October 9, 2015

I am stepping down from the Museum...

This is a letter that I sent yesterday to the Museum community:


Dear Friends,

I write to share some news with you – I have decided to step down as Director & CEO of the Museum at the end of December.

After fifteen years, it is time to move on and pursue other activities, including a book project that details my involvement with the Josef Mengele investigation.

As I was reaching this decision, I had time to reflect on my tenure at the Museum. I thought of how the Robert M. Morgenthau Wing was the first new construction in Lower Manhattan following the great tragedy of 9/11. I thought of the Museum’s many award-winning exhibitions, about the hundreds of thousands of school kids who have been educated, and about the Museum’s smart and enriching cultural programming.

And most of all, I have savored the satisfaction that this institution has remained worthy of its mission to preserve and relate such an important history about Jewish life and heritage before, during, and after the Holocaust.

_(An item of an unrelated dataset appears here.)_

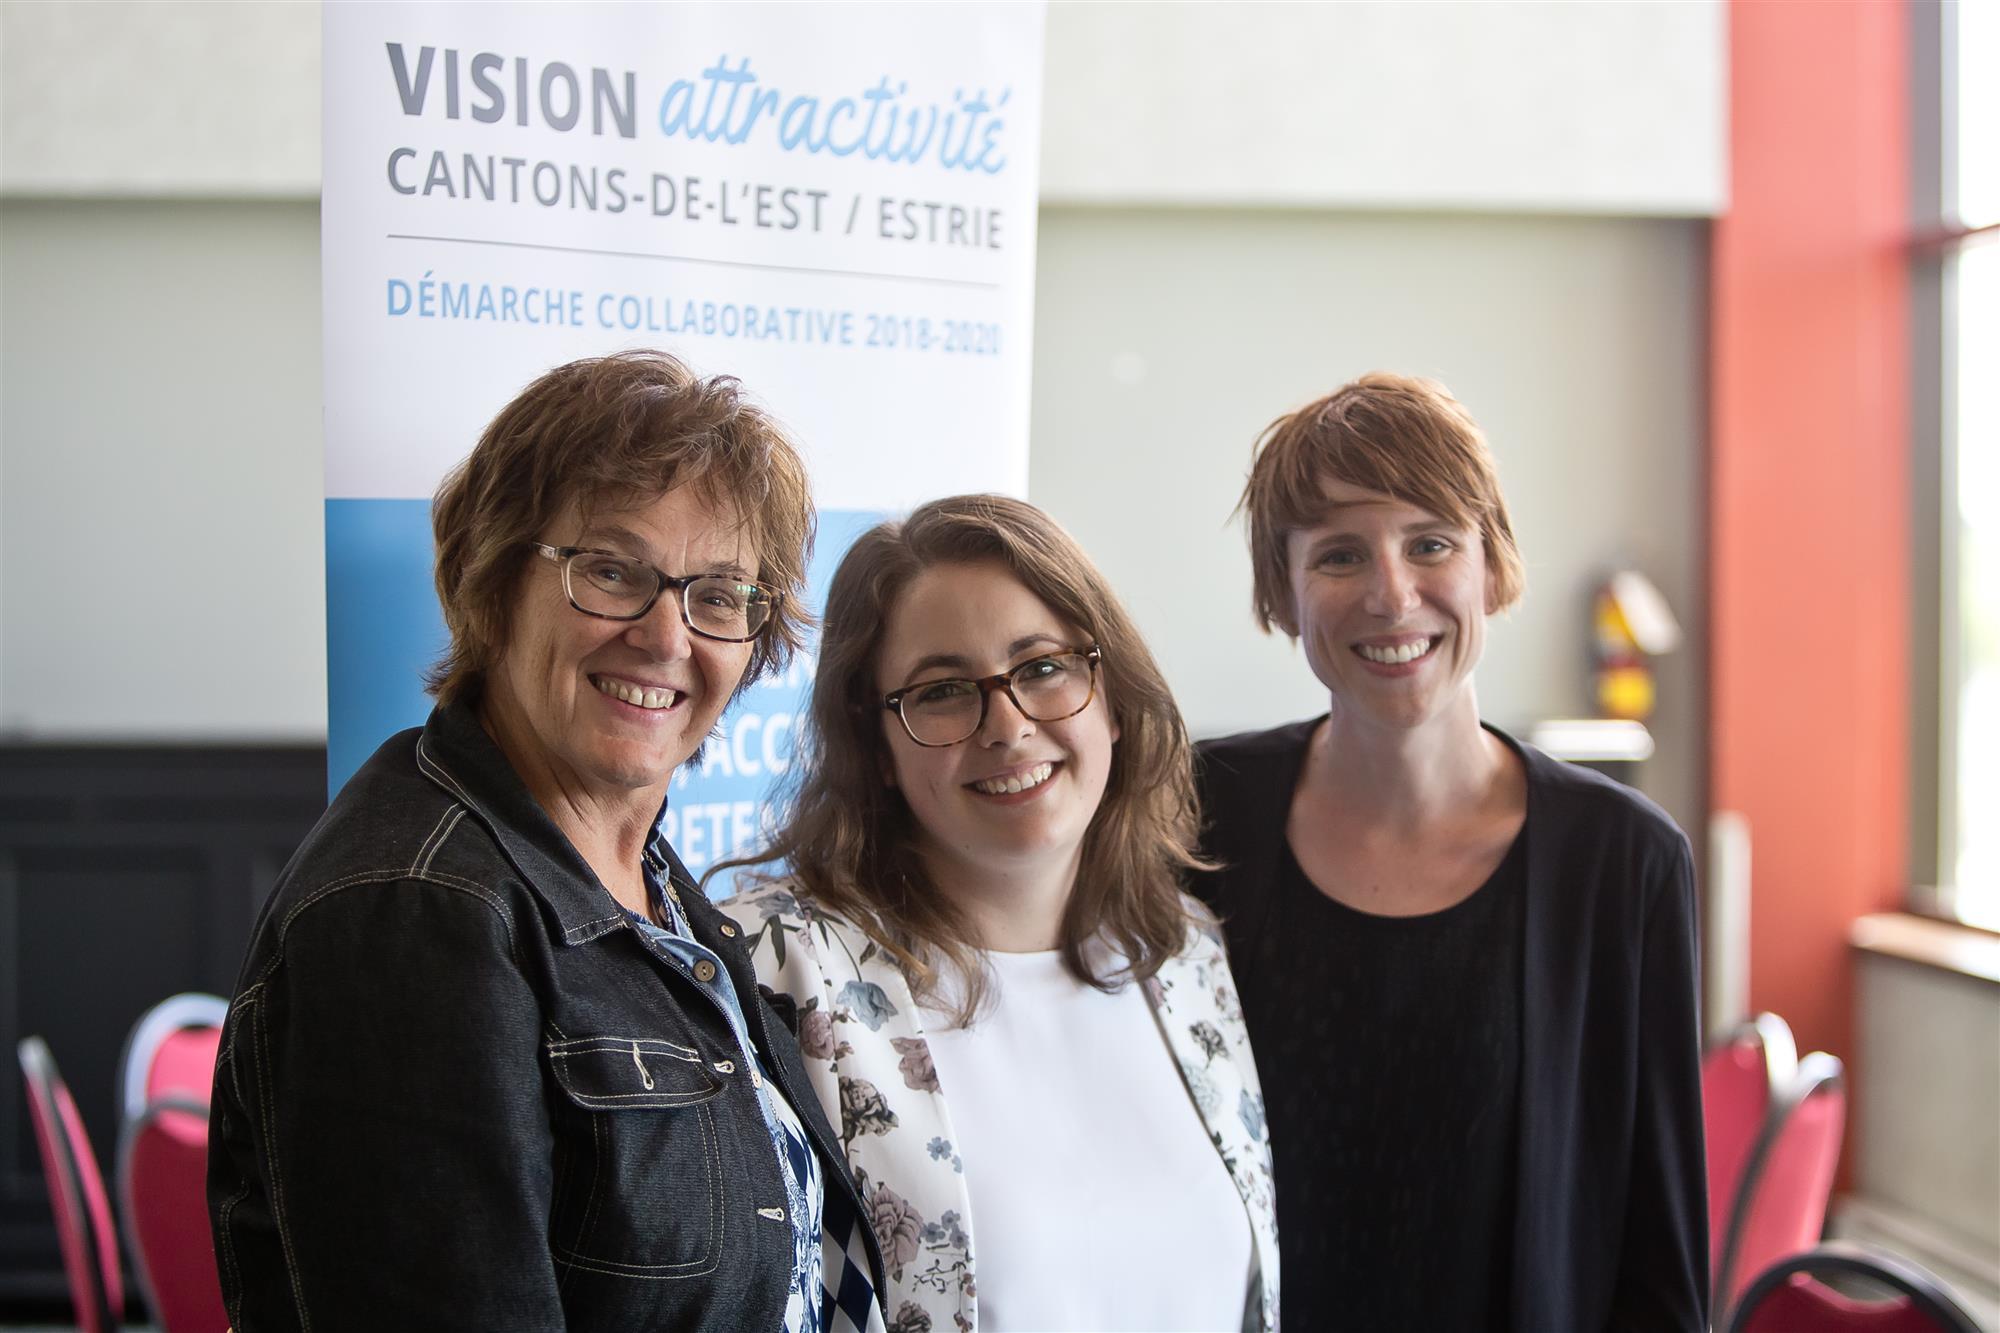 L'équipe de coordination : Francine Patenaude, Vanessa Cyr-Cournoyer et Annie-Claude Dépelteau

I want to take this opportunity to thank you all very much for your support of the Museum. This institution, dedicated to memory and hope, exists and thrives because of you – visitors, audiences, members, donors, gallery educators, volunteers, and everyone else who makes up our large and vibrant family.

I am honored that the Board will confer upon me the title of Director Emeritus and has asked me to remain as President of the Auschwitz Jewish Center Foundation, which is such an important affiliate of the Museum.

In the weeks ahead, Chairman Bruce Ratner and the Board will convene a search committee to seek my successor, and I have offered to assist in any way I can.

I am grateful for the remarkable opportunity to have served such a noble institution and to have had your support. I look forward to watching the Museum continue to grow and flourish in the years ahead.

With every good wish,


David G. Marwell, Ph.D.
Museum Director & CEO

January 27, 2015

International Holocaust Remembrance Day

NASDAQ Video Wall in Times Square




























My remarks at the Closing Bell Ceremony at NASDAQ this afternoon:

Seventy years ago today, Allied forces entered the Auschwitz Concentration camp and discovered evidence of unparalleled crimes – crimes that would shock the conscience of the world and would forever change our notion of the power of humans beings to commit evil acts. 
Emerging from the ashes of Auschwitz were sparks of rebirth and evidence of the human spirit’s resilience and ability to rebuild life and community after great tragedy.  It is no accident that the birthrate among survivors, in displaced persons camps after the war, spiked, illustrating the exponential power of survival.

Although we commemorate the Holocaust every day at the Museum of Jewish Heritage in Lower Manhattan – honoring those who perished by celebrating their lives and legacies, we join the international community on this International Holocaust Remembrance Day and reflect on what was lost and honor those who survived.